Some of the plan’s worst loopholes would allow:

  • Bulldozing five miles of logging roads at a time with no public input
  • Logging up to 4,200 acres at a time with no public input
  • Legitimizing illegally created off-road vehicle routes

Read the full press release HERE

Today’s letter marked a nation-wide collaborative effort to ensure citizen’s voices are heard in decisions regarding our public lands. Washington Wild applauds The Western Environmental Law Center for their technical analysis and for convening a wide group of stakeholders. During the allotted comment period, Washington Wild worked to engage its members and send over 130 letters to the Trump Administration.

Background

On June 13, 2019, the Forest Service released a proposed rule amending its National Environmental Policy Act (NEPA) procedures. The public has until August 26, 2019 to comment on the proposed rule. Information about the proposed rule, how to comment, and upcoming informational webinars are available on a Forest Service webpage. The agency is also revising its directives, Forest Service Manual 1950 and Handbook 1909.15, to reflect the proposed rule, with the proposed directives to be published in the Federal Register at an unspecified later date for public review and comment.

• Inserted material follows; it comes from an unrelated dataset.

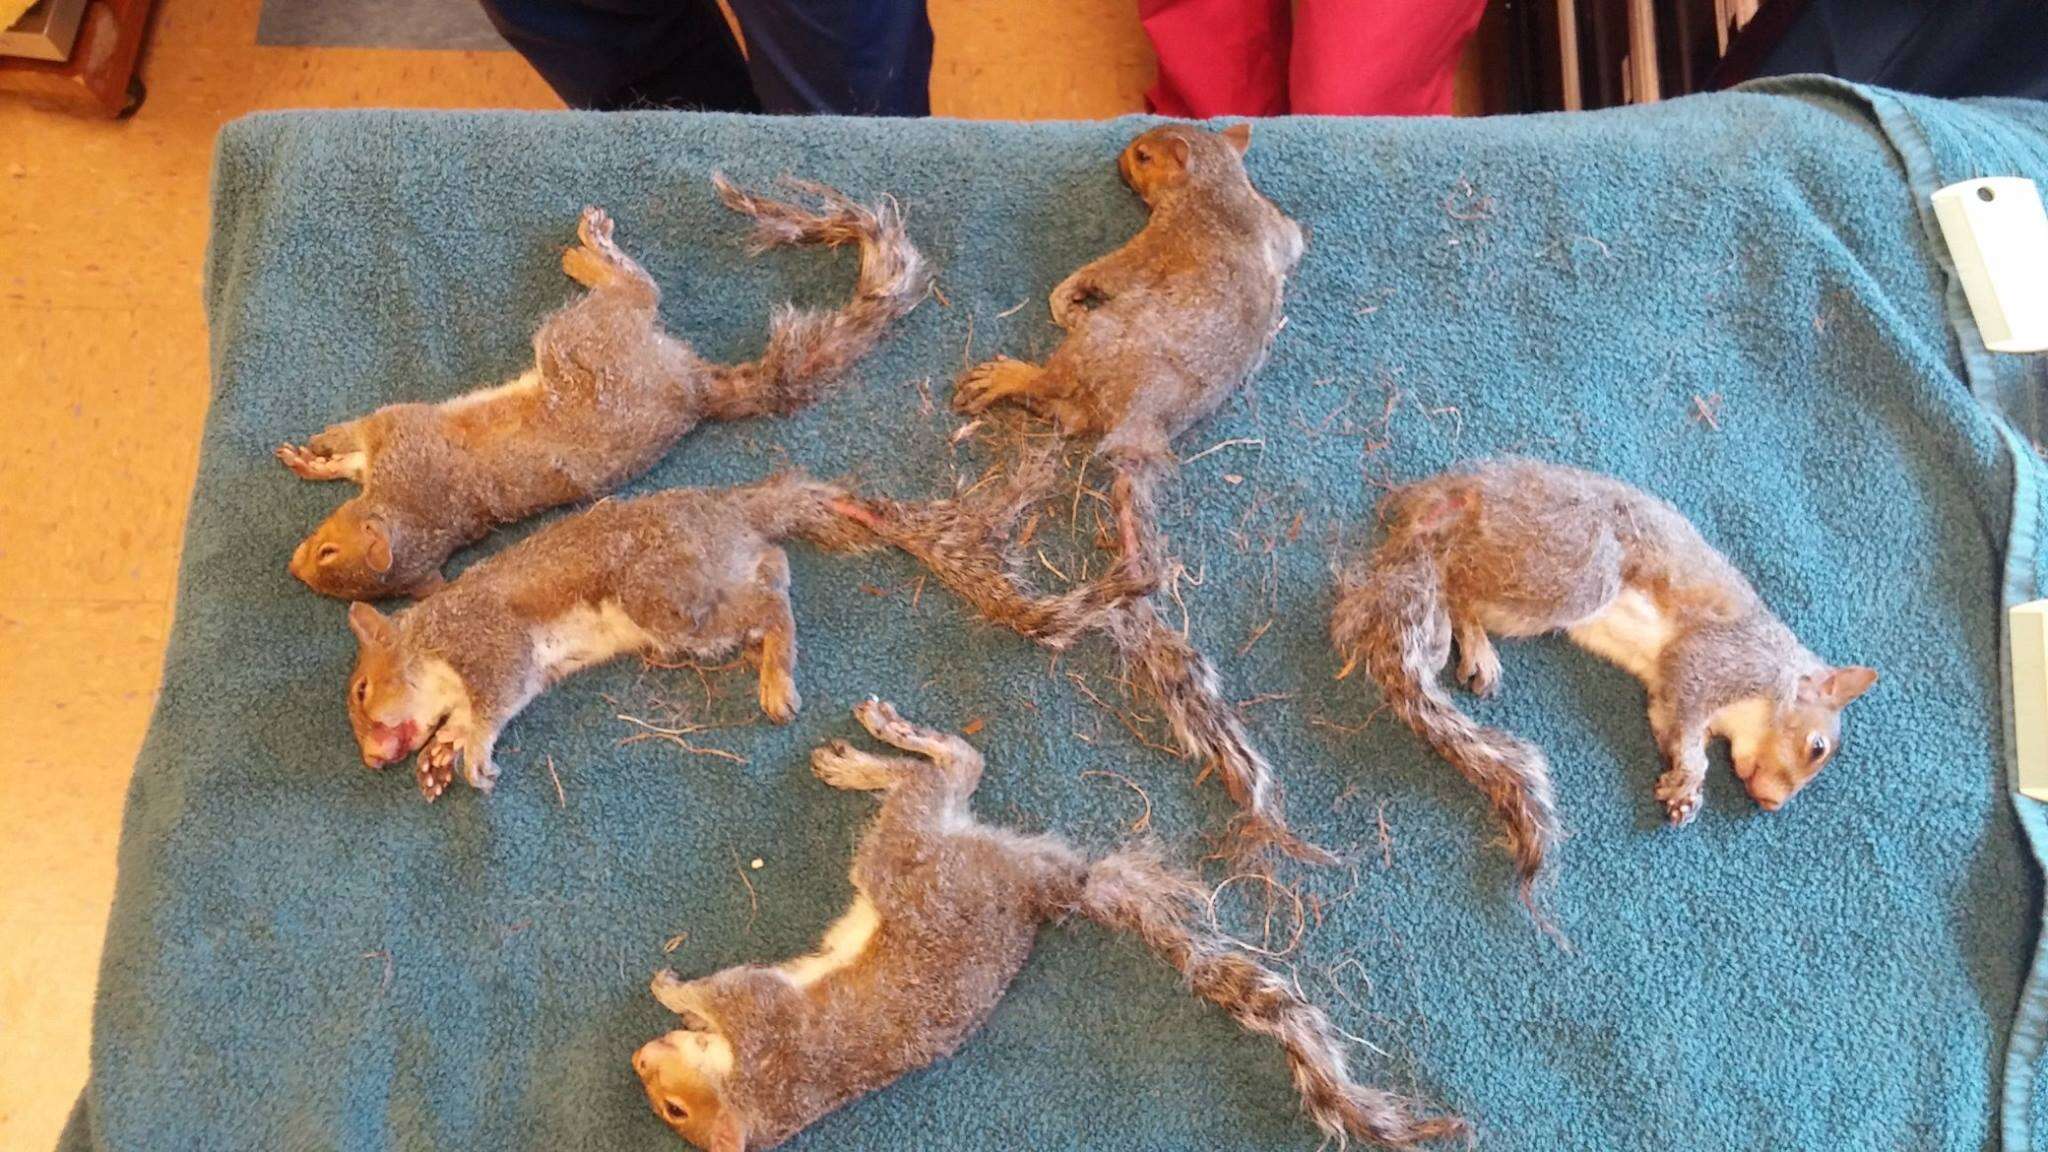 five squirrel tails were untangled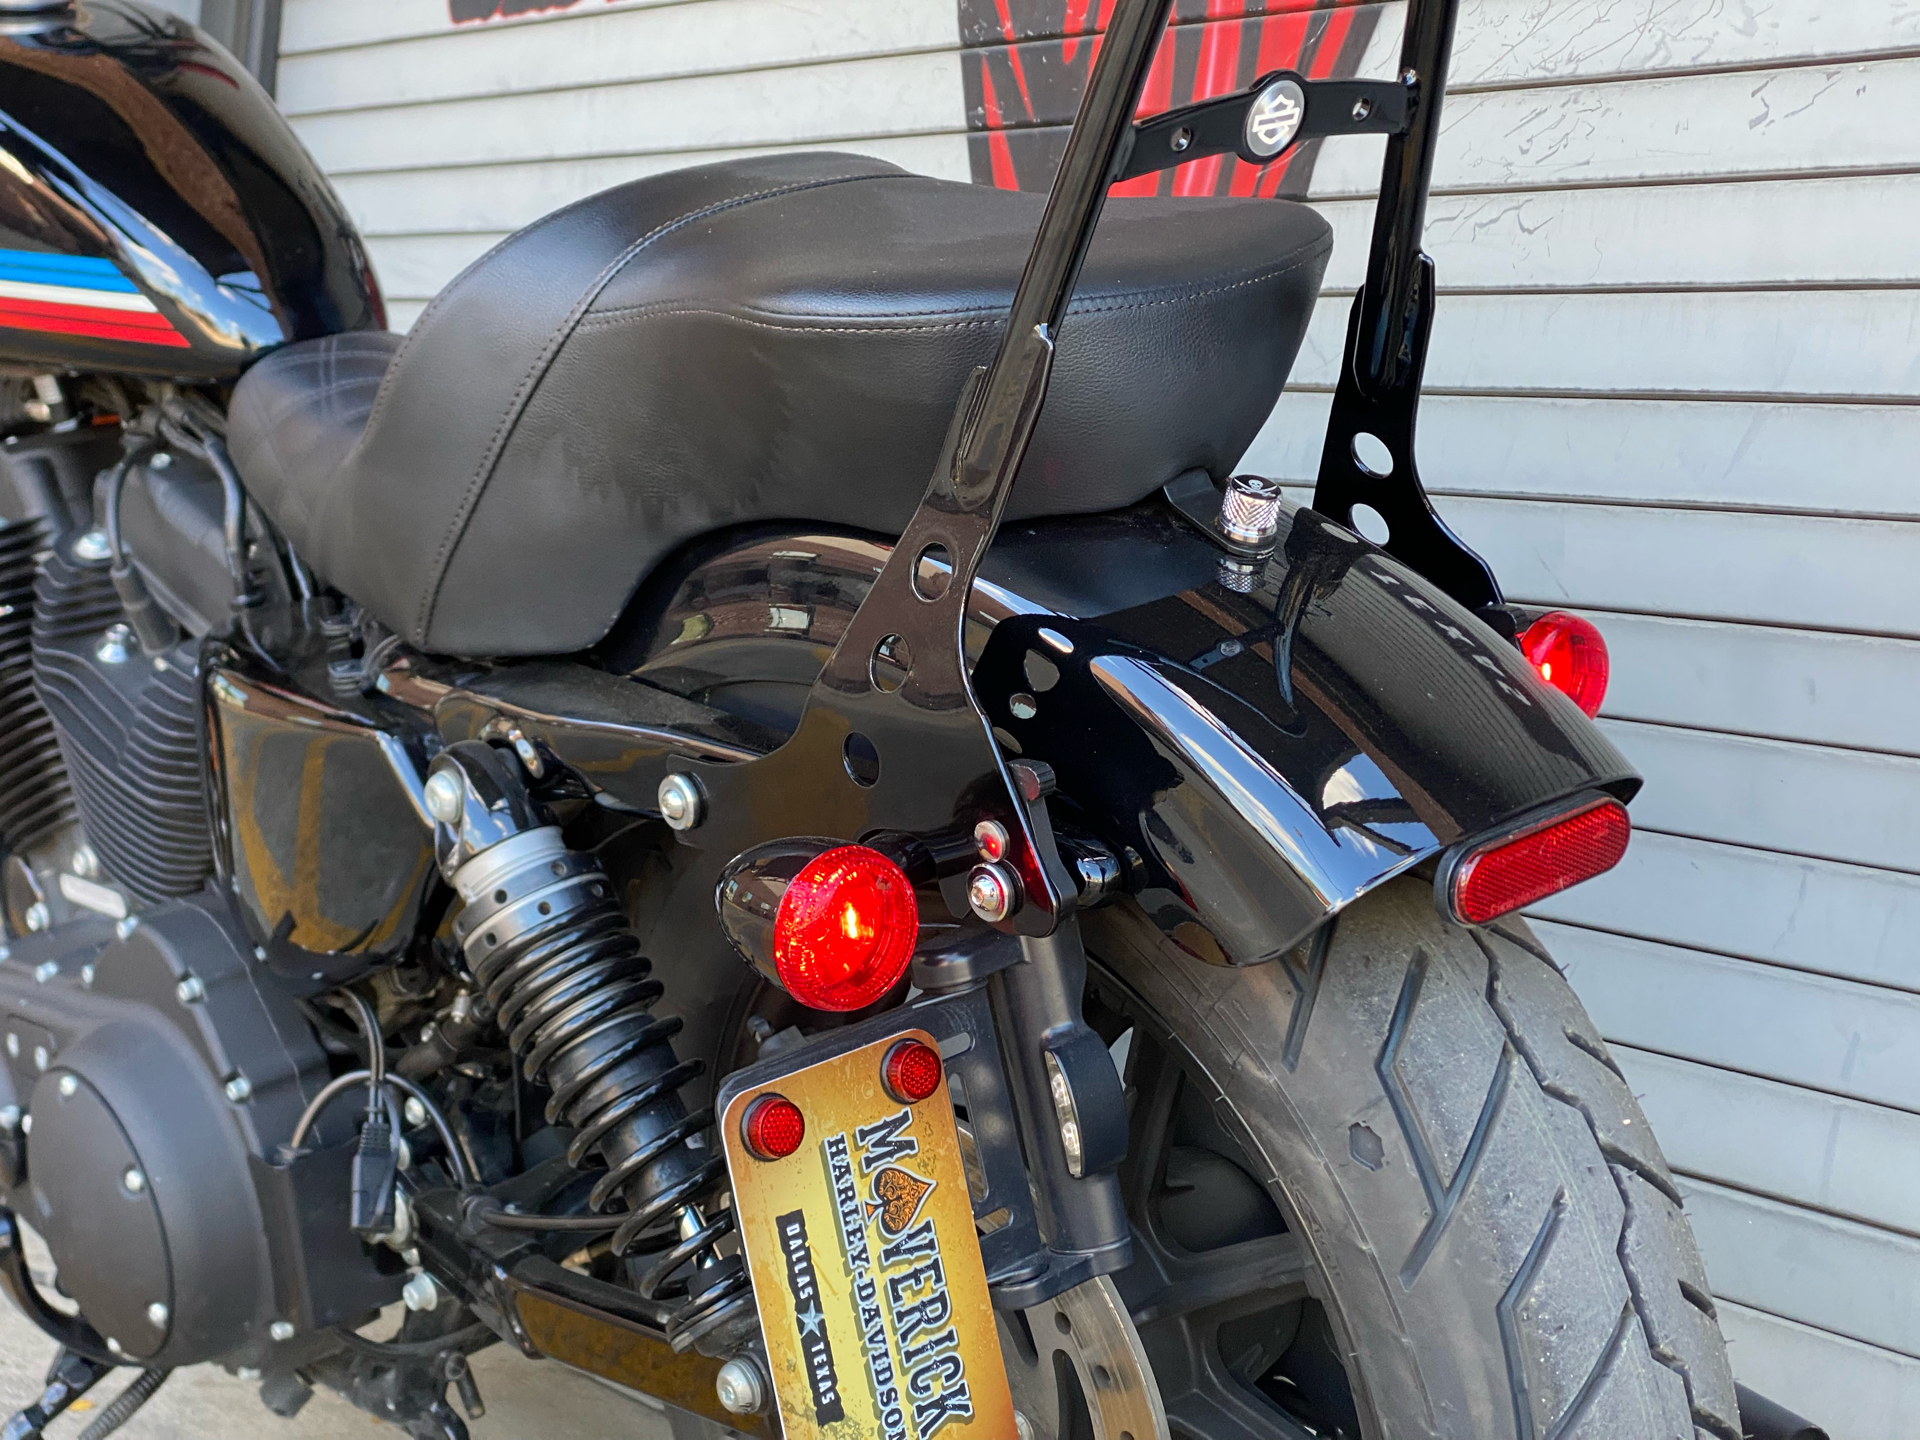 2020 Harley-Davidson Iron 1200™ in Carrollton, Texas - Photo 21

According to the Forest Service, the proposed rule is designed to “increas[e] the pace and scale of work accomplished on the ground” – with a focus on removing hazardous fuels – by “complet[ing] project decision making in a timelier manner.”3 The proposal, however, is much broader than its stated goals, exempting unqualified commercial timber harvest and a breathtaking range of other forest management activities from environmental analysis or public review via a suite of new and expanded categorical exclusions and other mechanisms that fundamentally undermine NEPA’s bedrock principles of government transparency, accountability, public involvement, and science-based decision-making. Rather than focusing on and addressing the actual causes of agency inefficiency in environmental decision-making (e.g., funding, staffing, training, and turnover), the Forest Service has targeted America’s “magna carta” of environmental laws with its radical proposal. Ironically, the result is likely to be increased litigation and poorer management of our shared national forests, as corners are cut, laws are broken, and the public is cut out of decision-making.